## [GIVEN RECORDS]
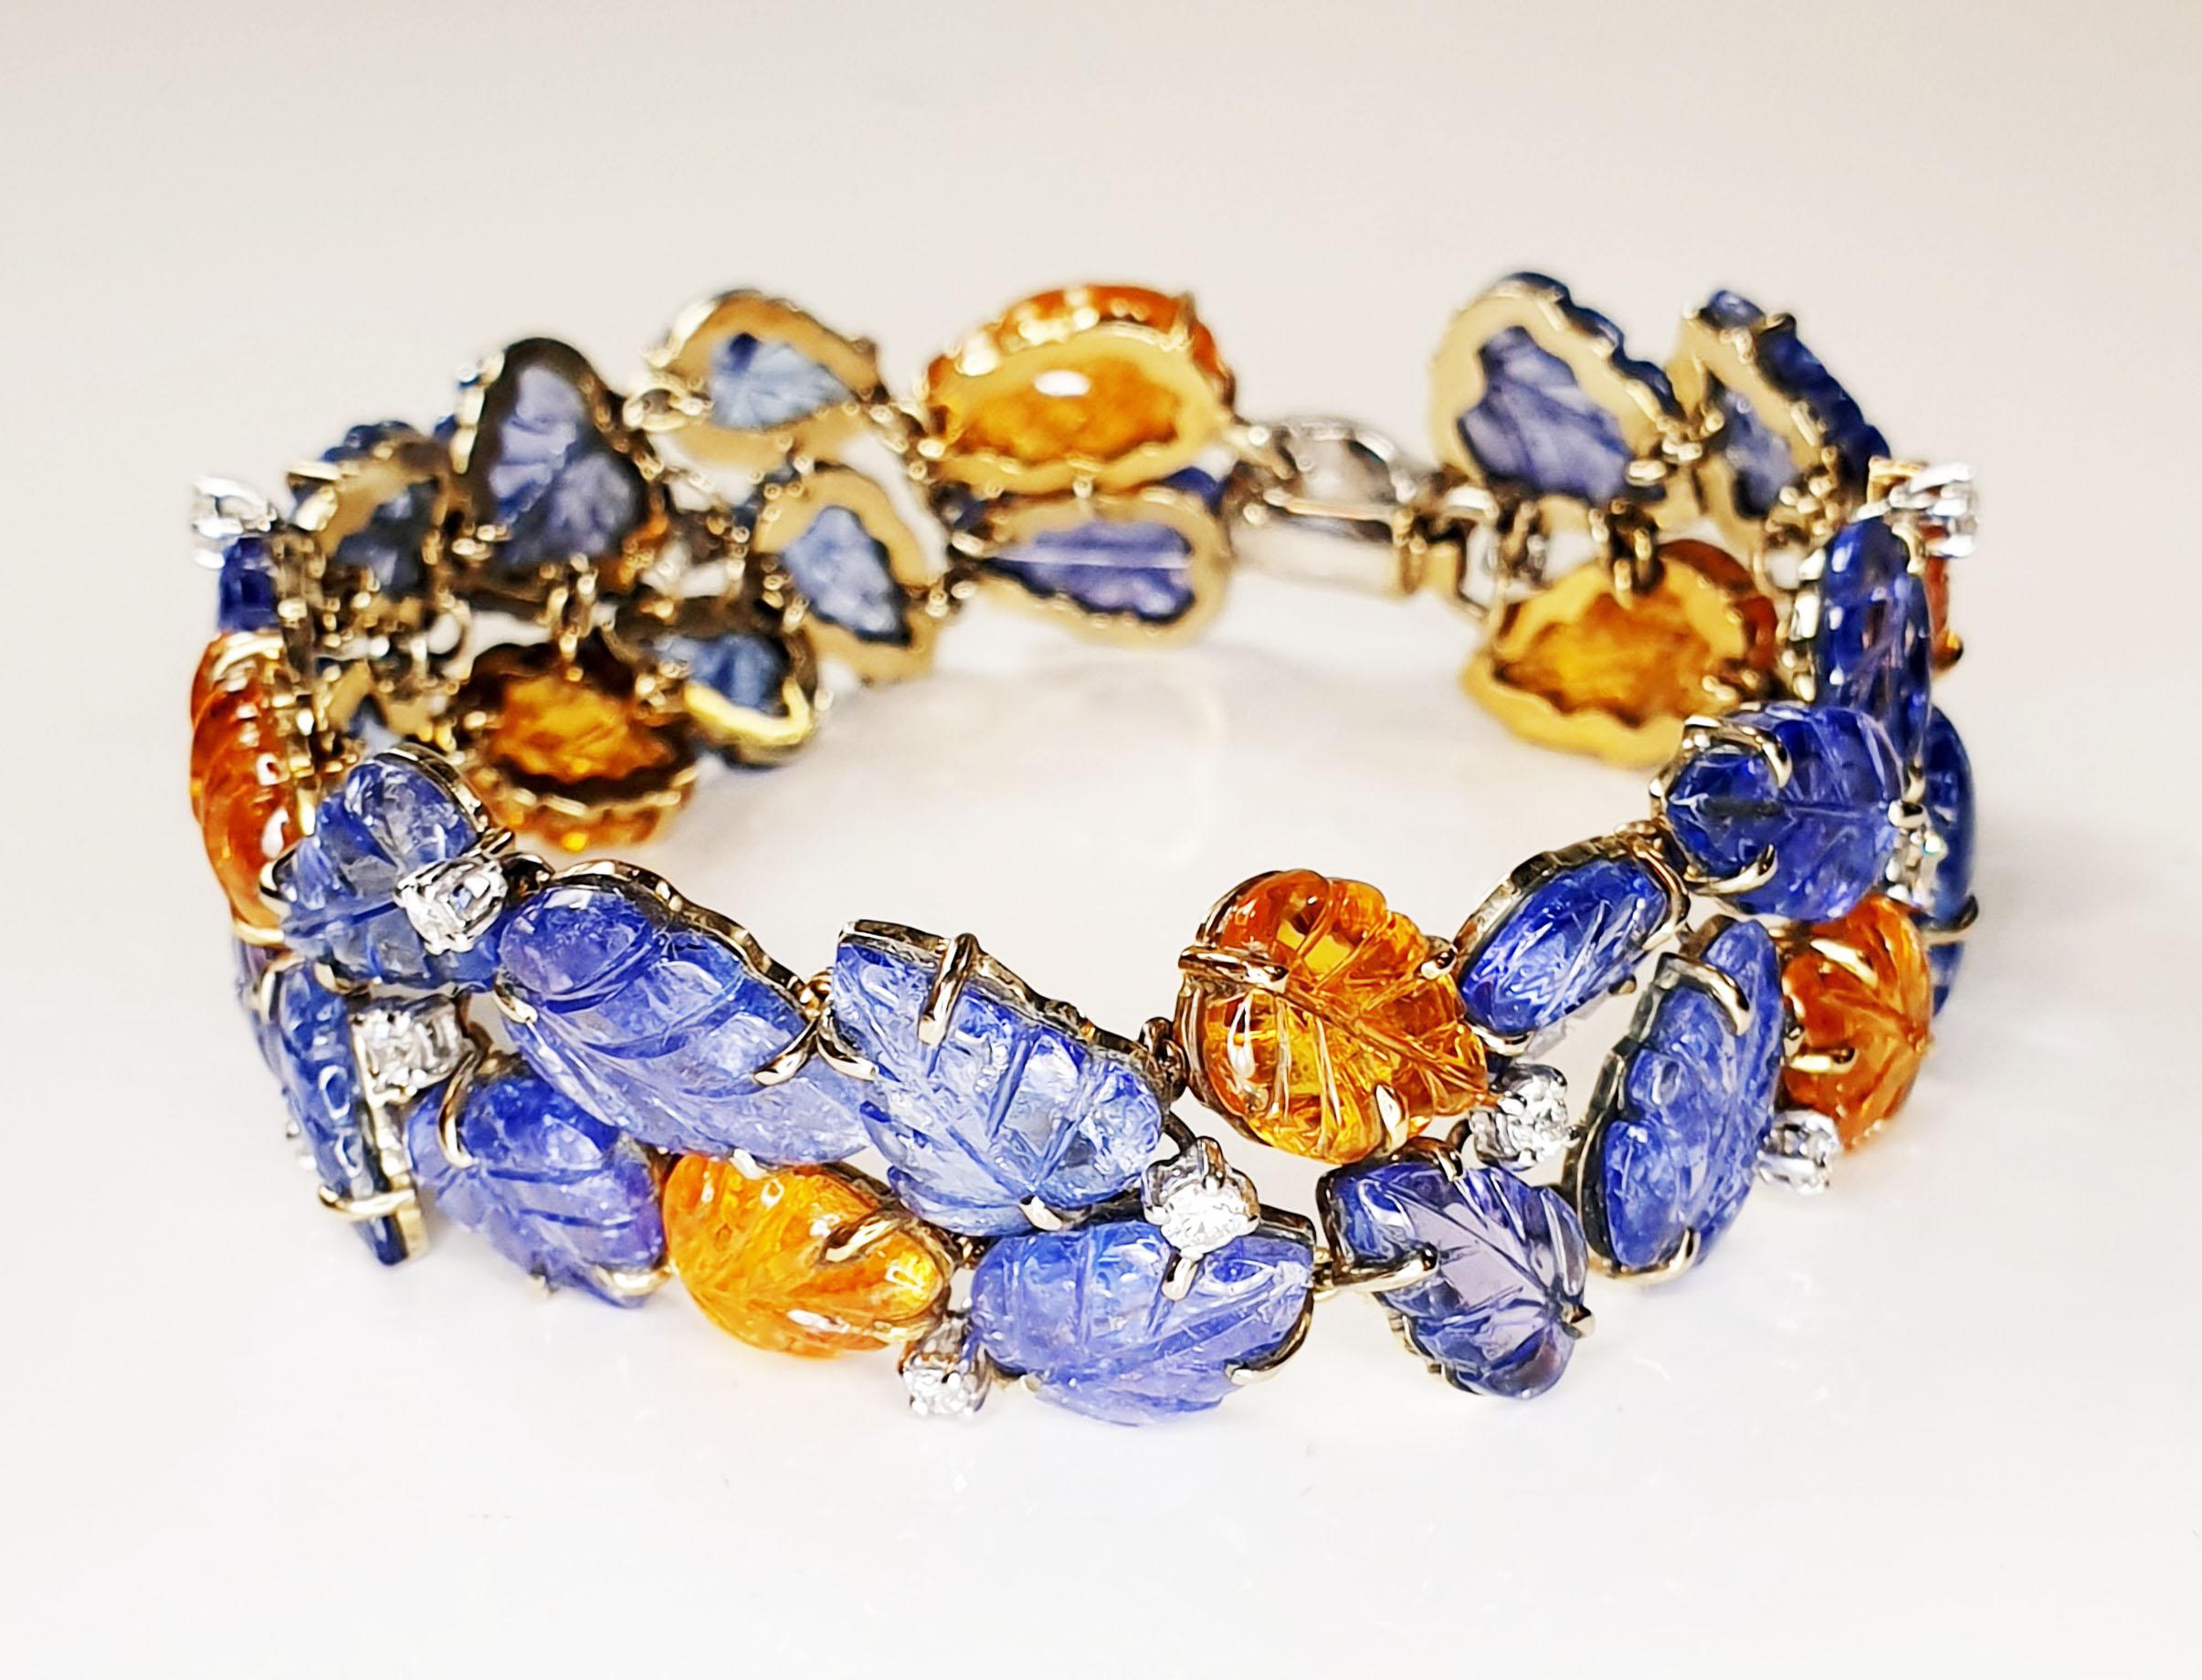 Diamonds Tanzanite and spessartite garnet carved leafs clutch bracelet in 18k yellow and white gold
Irama Pradera is a Young designer from Spain that searches always for the best gems and combines classic with contemporary mounting and styles. 
This
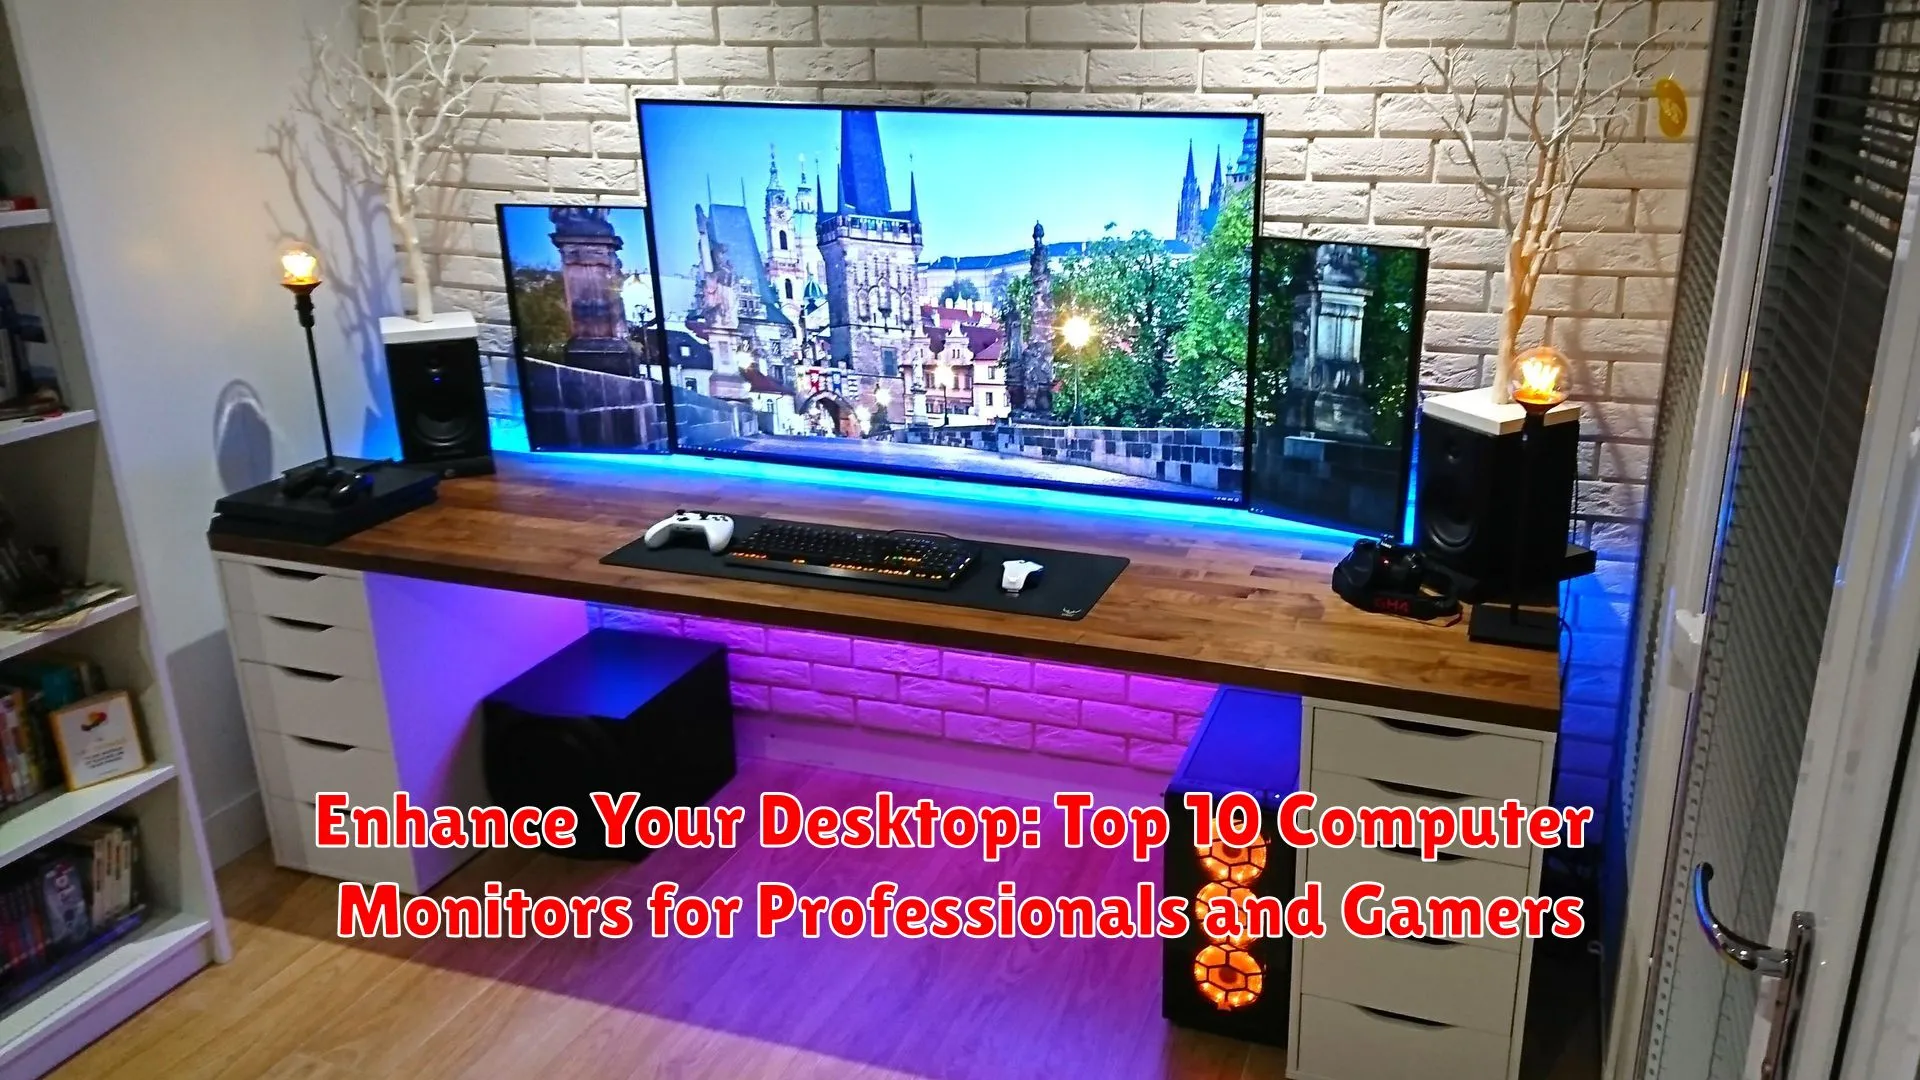 Enhance Your Desktop: Top 10 Computer Monitors for Professionals and Gamers
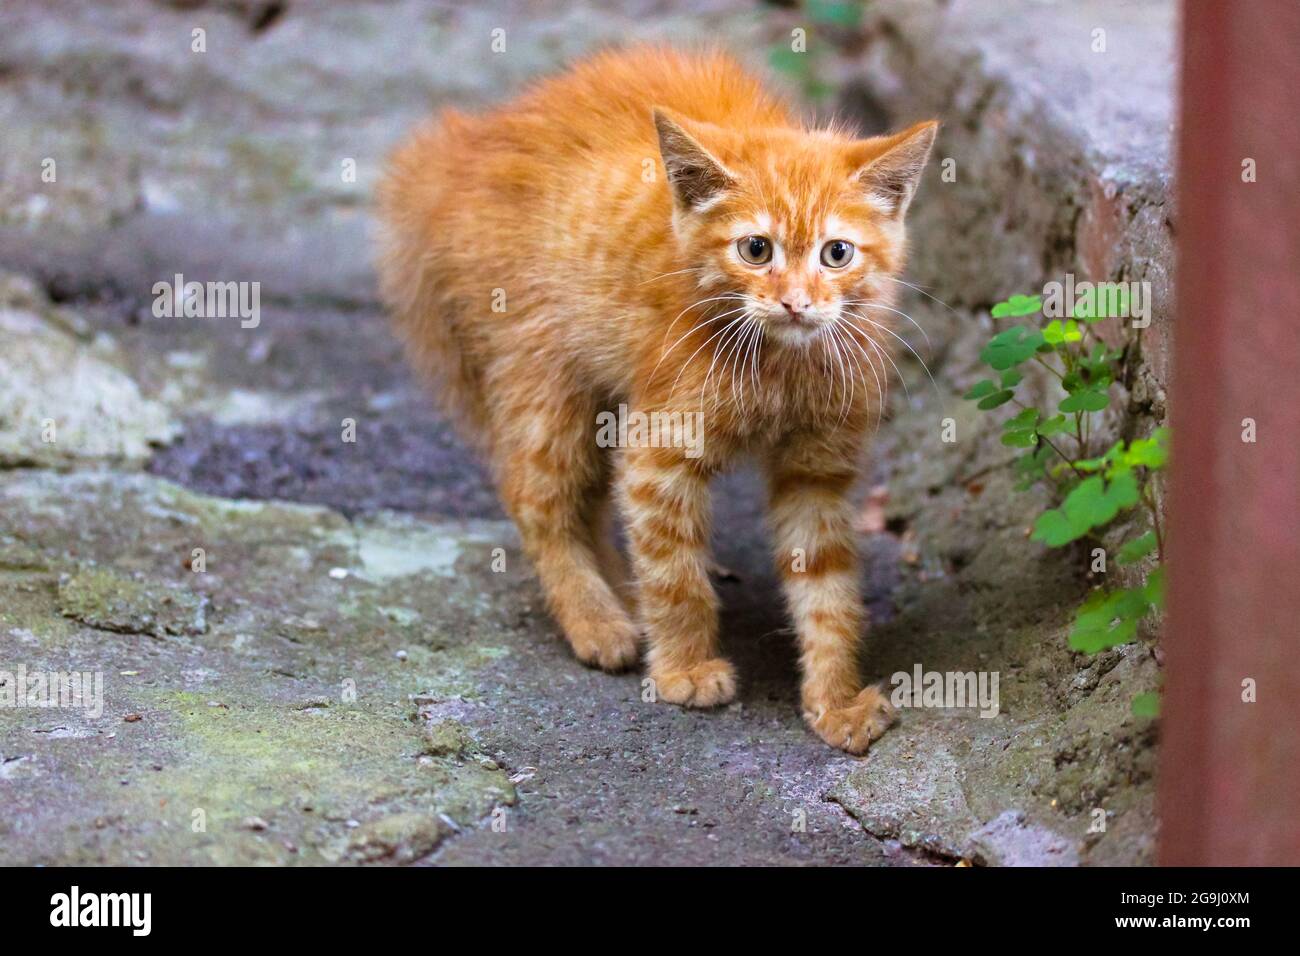 A frightened stray ginger kitten on a street. A little fluffy redheaded kitten arches its back, fur stand on end. A cat is annoyed, an enraged animal. Stock Photo

## [WHAT IS EXPECTED]
An exact copy of every record above is needed, with all pictures left out.

## [TASK RESULT]
 Diamonds Tanzanite and spessartite garnet carved leafs clutch bracelet in 18k yellow and white gold
Irama Pradera is a Young designer from Spain that searches always for the best gems and combines classic with contemporary mounting and styles. 
This
 Enhance Your Desktop: Top 10 Computer Monitors for Professionals and Gamers
 A frightened stray ginger kitten on a street. A little fluffy redheaded kitten arches its back, fur stand on end. A cat is annoyed, an enraged animal. Stock Photo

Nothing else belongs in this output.